In constant low Earth orbit (LEO) at 51.6˚ orbital inclination, the International Space Station is the closest to colonising space that humanity has ever been. Founded in the wake of the Cold War and the resulting end of competing Russian Mir-2 and US Freedom station concepts, among others, the ISS is maintained by a 15-nation group, and provides an international laboratory for technology in a microgravity environment.
The ISS is modular, and for the most part any of the nodes or modules can be detached and reattached in different configurations - the space station has been rearranged several times as it has grown. The first piece of the ISS in orbit was the Russian-built Functional Cargo Block (FGB, using Cyrillic initials), launched in 1998, followed quickly by Node 1 and the service module. The first permanent crew entered the ISS in 2000, and people have resided aboard ever since in teams of three to six (more when the Space Shuttle visited).
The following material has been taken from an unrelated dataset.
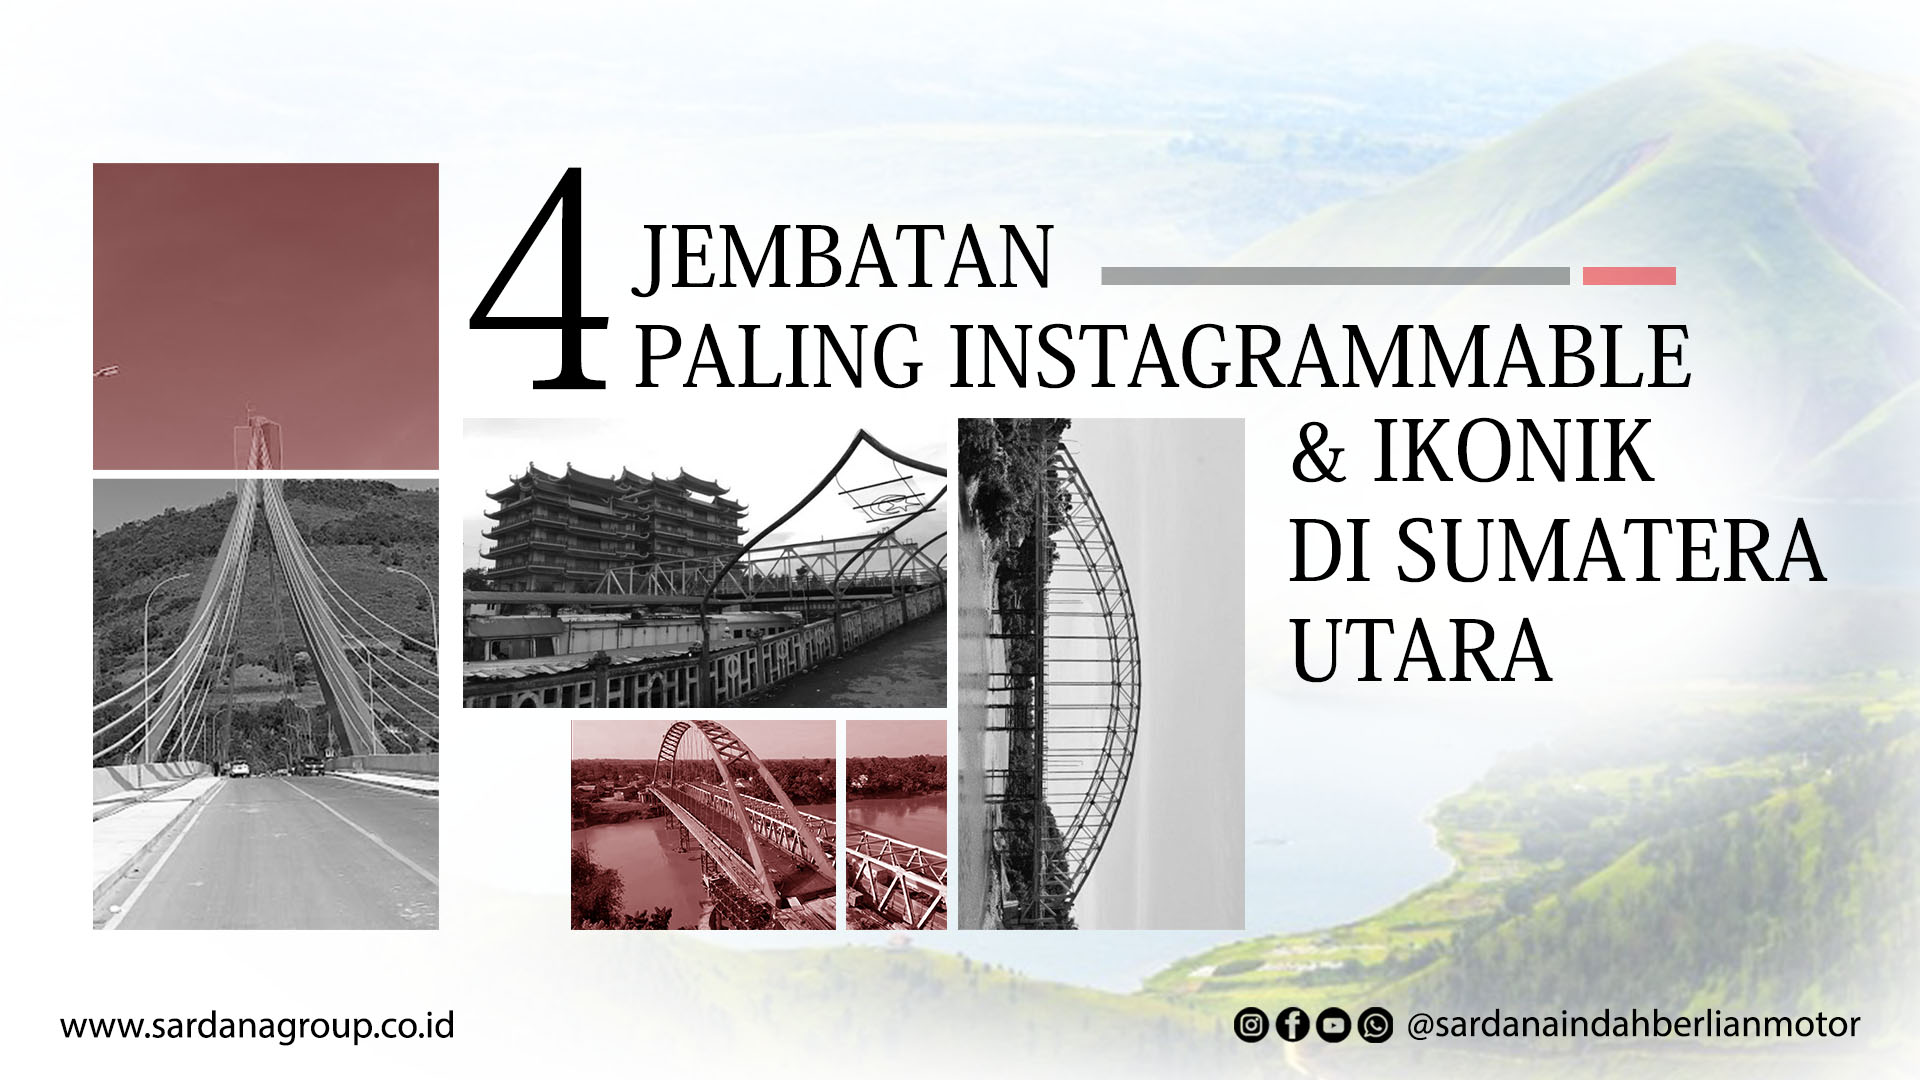 Empat Jembatan Paling Instagrammable dan Ikonik di Sumatera Utara 
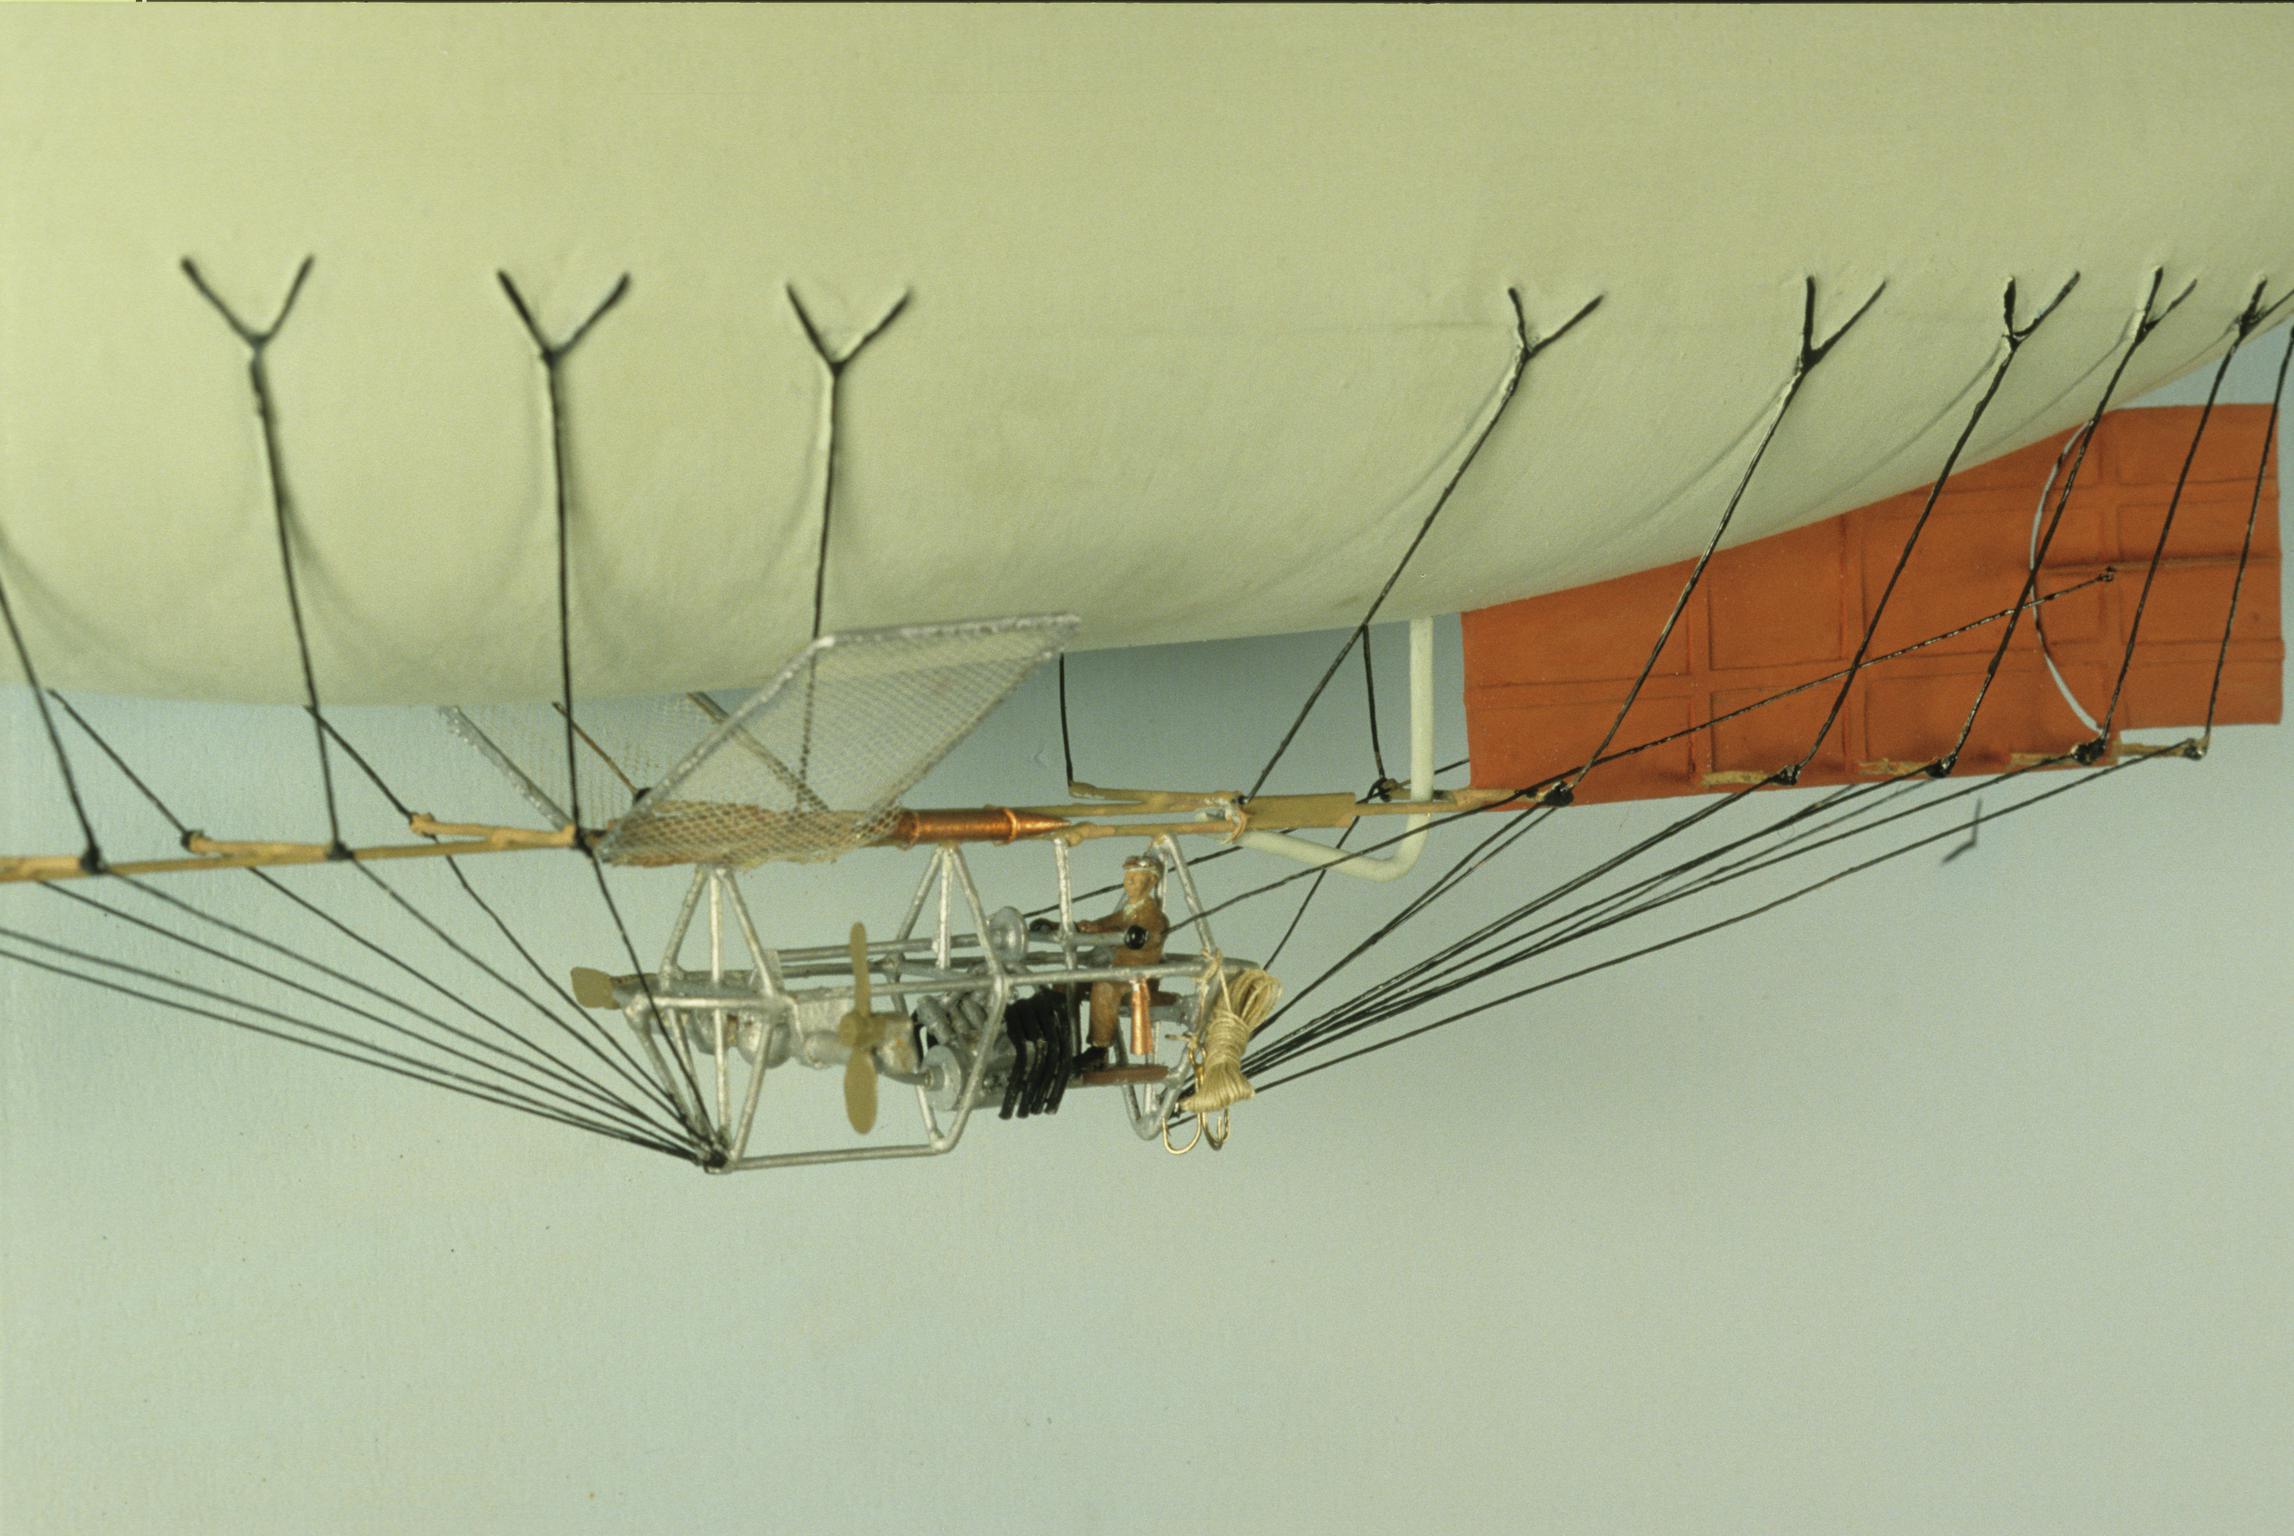 Willows 2 Airship model

The space station is divided into a Russian half and a US/international half, connected by the Node 1 module (also called Unity). In addition to being a crucial connector, there are four sleeping stations aboard Node 1. Connected to Unity are the FGB (via Pressurised Mating Adaptor 1), the US laboratory (called Destiny), the Permanent Multipurpose Module (mainly used for storage) and Node 3 (or Tranquility). A similar node, Node 2 (Harmony) extends from the other side, anchoring the European Columbus lab and pressurised Japanese sections.